Possible rule match outcomes:

When a new Pat/Prac resource is compared with all other resources of that type in the repository, there are four possible cases:

  • CASE 1: No MATCHED and no PROBABLE_MATCHED outcomes -> a new Person resource is created and linked to that Pat/Prac. All fields are copied from the Pat/Prac to the Person. If the incoming resource has an EID, it is copied to the Person. Otherwise a new unique uuid is created and used as the EID.

  • CASE 2: All of the MATCHED Pat/Prac resources are already linked to the same Person -> a new Link is created between the new Pat/Prac and that Person and is set to MATCHED.
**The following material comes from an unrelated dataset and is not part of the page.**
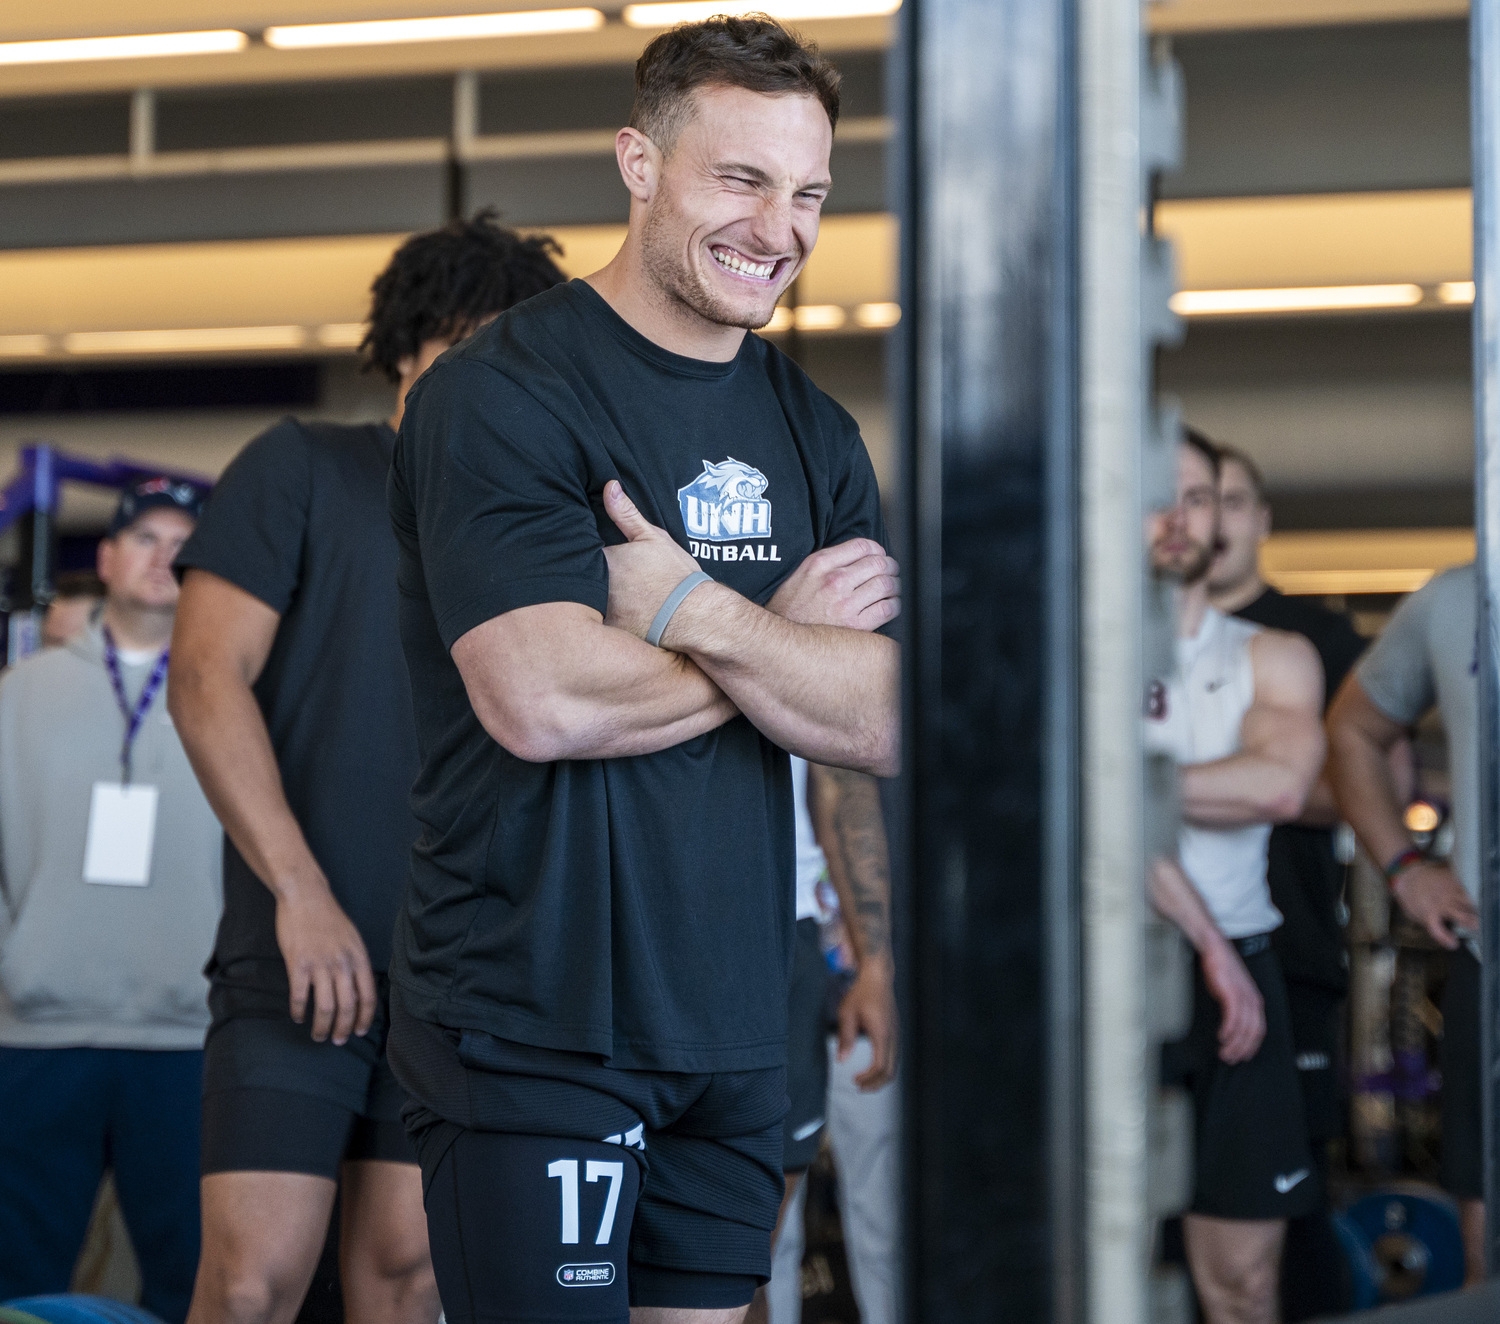 Westhampton Beach and soon-to-be University of New Hampshire graduate Dylan Laube during College of the Holy Cross's annual NFL Pro Day March 21. UNH Athletics/Patrick Donnelly

  • CASE 3: The MATCHED Pat/Prac resources link to more than one Person -> link the Pat/Prac to the Person belonging to the Pat/Prac it had the highest matching score with. All other Person resources are marked as POSSIBLE_DUPLICATE of this first Person. These duplicates are manually reviewed later and either merged or marked as NO_MATCH and the system will no longer consider them as a POSSIBLE_DUPLICATE going forward.

  • CASE 4: Only PROBABLE_MATCH outcomes -> In this case, empi-link records are created with PROBABLE_MATCH outcome and await manual assignment to either NO_MATCH or MATCHED. Person resources are not changed.

Rules

hapi-empi rules are managed via a single json document. This document contains a version. empi-links derived from these rules are marked with this version. The following configuration is stored in the rules:

  • resourceSearchParams: These define fields which must have at least one exact match before two resources are considered for matching. This is like a list of "pre-searches" that find potential candidates for matches, to avoid the expensive operation of running a match score calculation on all resources in the system. E.g. you may only wish to consider matching two Patients if they either share at least one identifier in common or have the same birthday.
[ {
    "resourceType" : "Patient",
    "searchParam" : "birthdate"
}, {
    "resourceType" : "Patient",
    "searchParam" : "identifier"
} ]
  • filterSearchParams When searching for match candidates, only resources that match this filter are considered. E.g. you may wish to only search for Patients for which active=true.
[ {
    "resourceType" : "Patient",
    "searchParam" : "active",
    "fixedValue" : "true"
} ]
  • matchFields Once the match candidates have been found, they are then each assigned a match vector that marks which fields match. The match vector is determined by a list of matchFields. Each matchField defines a name, distance metric, a success threshold, a resource type, and resource path to check. For example:
{
    "name" : "patient-given",
    "resourceType" : "Patient",
    "resourcePath" : "name.given",
    "metric" : "COSINE",
    "matchThreshold" : 0.8
}
  • weightMap A map which converts combinations of successful matchFields into a scalar score for overall matching of a given pair of resources.

  • noMatchThreshold, matchThreshold: If the weightMap score is above the matchThreshold, it is a MATCH. If between noMatchThreshold and matchThreshold it is a PROBABLE_MATCH. If it is below the noMatchThreshold, it is a NO_MATCH.